Margaret Thomas: free black woman at Washington's headquarters

Margaret Thomas was a free black woman who joined the staff of Gen. George Washington's headquarters in February 1776, according to the accounts of his household manager Ebenezer Austin. At that time, Washington was living in the Cambridge mansion now known as Longfellow House, trying to push the British military out of Boston.

Thomas's duties included washing and mending clothes. She seems to have remained with the commander-in-chief's shifting headquarters throughout the first years of the war, judging by such documents as this 1778 receipt she signed at the bottom (courtesy of the Library of Congress's online collection of Washington papers). At the end of her service, she apparently went to live in Philadelphia, and the general never expected to see her again.

But in 1784, Washington's bodyservant and riding companion Will Lee came to him with a request, as he described in this 28 July letter to his Philadelphia agent, Clement Biddle:

The mulatto fellow William, who has been with me all the War is attached (married he says) to one of his own colour a free woman, who, during the War was also of my family.

She has been in an infirm state of health for sometime, and I had conceived that the connection between them had ceased, but I am mistaken; they are both applying to me to get her here, and tho' I never wished to see her more yet I cannot refuse his request (if it can be complied with on reasonable terms) as he has lived with me so long and followed my fortunes through the War with fidility.

After promising thus much, I have to beg the favor of you to procure her a passage to Alexandria either by Sea, by the passage Boats (if any there be) from the head of Elk, or in the Stage as you shall think cheapest and best, and circumstances may require.

She is called Margaret Thomas als. Lee (the name which he has assumed) and lives at Isaac and Hannah Sills, black people who frequently employ themselves in Cooking for families in the City of Phila.
As I read this letter, Washington was skeptical that Will Lee and Margaret Thomas were truly married. He may have suspected they had come up with this plan to secure Thomas a more comfortable home while she was sick. The general worried about creating resentment among his enslaved workers at Mount Vernon by employing free blacks, and he had no individual liking for Thomas.

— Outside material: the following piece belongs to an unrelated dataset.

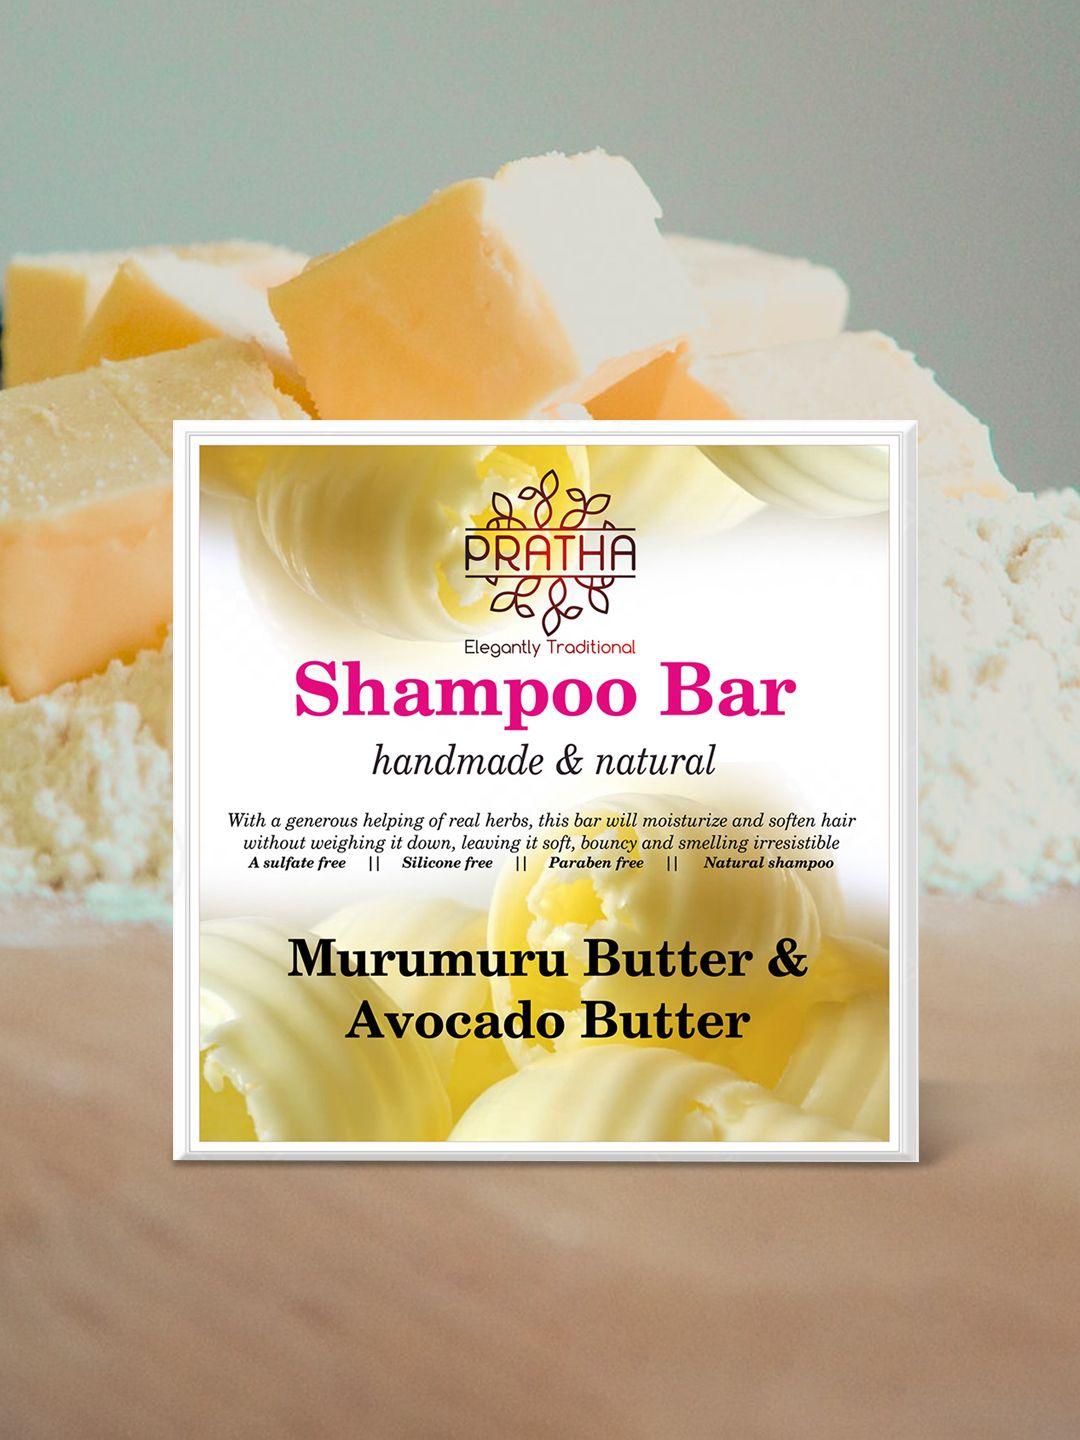 pratha handmade & natural volumizing murumuru butter & avocado butter shampoo bar - 80 gm
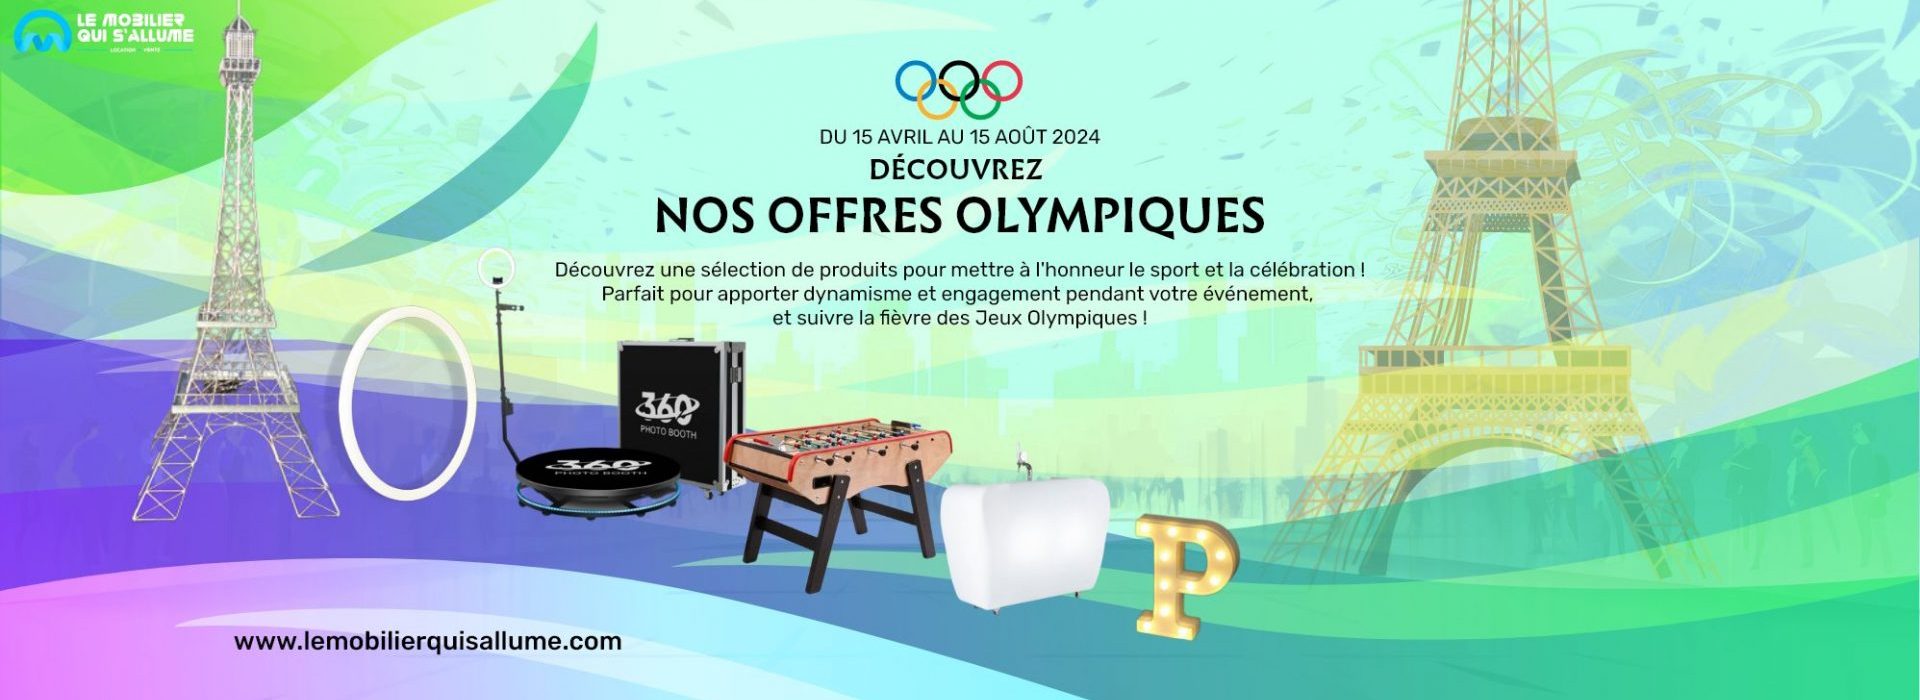 Nos offres olympiques pour les JO 2024 !

Yet Washington didn't feel he could refuse Lee's request. He agreed to do a big favor for his long-time slave. To borrow an analogy from former Mount Vernon staffer Bruce Harris (now head of the Literary Trail of Greater Boston), since Washington had been raised to consider slaves as property, this was rather like one of us agreeing to make space for another refrigerator because our current refrigerator asked.

There's no evidence that Margaret Thomas ever made it to Virginia, however. It's unclear whether Biddle found her in Philadelphia, if she was in shape to travel, or if she cared to.

Washington freed Will Lee in his will, leaving it to his widow Martha to complete the emancipation of the rest of their human property. Lee remained at Mount Vernon until 1828, working for wages as a shoemaker. There's a chapter about him in Fritz Hirschfeld's George Washington and Slavery: A Documentary Portrayal.